For SRC, diagnostic accuracy of serum biomarkers appears best if blood is collected within a few hours. Accurate blood marker identification of SRC appears somewhat dependent on the "healthy" comparison. Additional research must evaluate whether physiologic changes in the absence of clinical changes, or vice versa, are relevant for concurrent or future neurologic health.
This study provides Class III evidence that certain serum biomarkers are elevated from baseline and higher than demographically matched controls after sport-related concussion.
评估运动相关性脑震荡(SRC)后血清生物标志物浓度(β-淀粉样肽 42 [Aβ]、总 tau、泛素羧基末端水解酶 L1、S100 钙结合蛋白 B [S100B]、胶质纤维酸性蛋白 [GFAP]、微管相关蛋白 2 [MAP2]和 2',3'-环核苷酸 3'-磷酸二酯酶 [CNPase])在运动员样本中的变化。还研究了与临床结果的相关性。
本病例对照研究纳入了 36 名 SRC 运动员(50%为男性,61%为白人,年龄 19.7 ± 1.0 岁)。其中 29 名患者还进行了基线采血,允许进行患者内浓度变化的分析。组间分析纳入了 86 名年龄和性别匹配的对照者(51%为男性,63%为白人,年龄 19.6 ± 1.1 岁)。评估了 SRC 与对照者之间以及与标准化正常参考值相比的生物标志物敏感性/特异性(受试者工作特征)。我们还分析了 SRC 后临床结果与生物标志物从基线变化和 SRC 后浓度之间的相关性。

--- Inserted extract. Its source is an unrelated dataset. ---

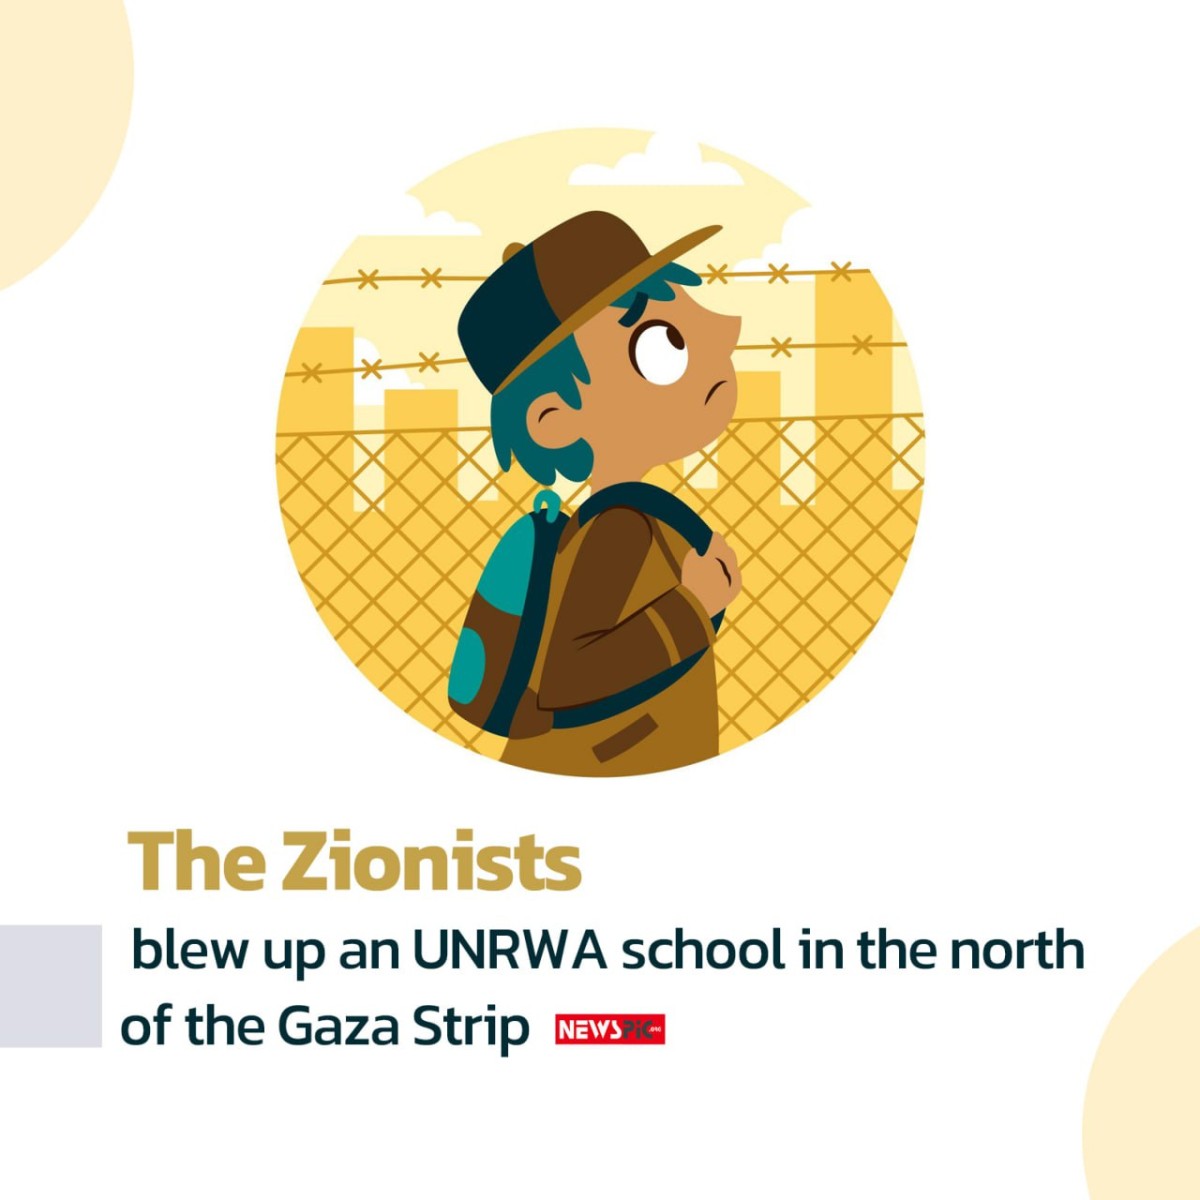 The Zionists blew up an UNRWA school in the north of the Gaza Strip

大多数血液样本的 GFAP、MAP2 和 CNPase 浓度低于定量下限。患者内分析表明 SRC 后 S100B 升高( = 0.003,67%的患者升高),尤其是在 SRC 后 <4 小时采集的血液样本中(88%的患者)。组间显著差异仅限于 <4 小时内采集的血液样本:Aβ(81%的 SRC 高于对照中位数,曲线下面积 [AUC] = 0.75 [95%置信区间 0.59-0.91])、总 tau(75%的 SRC 高于对照,AUC = 0.74 [0.56-0.79])和 S100B(88%的 SRC 高于对照;白人种族特异性 AUC [specific to white race] = 0.82 [0.72-0.93])。使用标准化正常参考值(>1.0),特异性范围为 79.1%至 89.3%,而敏感性<70%。生物标志物与临床结果无关。
对于 SRC,若在数小时内采集血液,则血清生物标志物的诊断准确性似乎最佳。准确识别 SRC 的血液标志物似乎在一定程度上取决于“健康”对照。需要进一步研究以评估生理变化是否与临床变化同时发生,或者相反,是否与当前或未来的神经健康相关。
这项研究提供了 III 级证据,表明运动相关性脑震荡后,某些血清生物标志物会从基线升高,且高于年龄和性别匹配的对照组。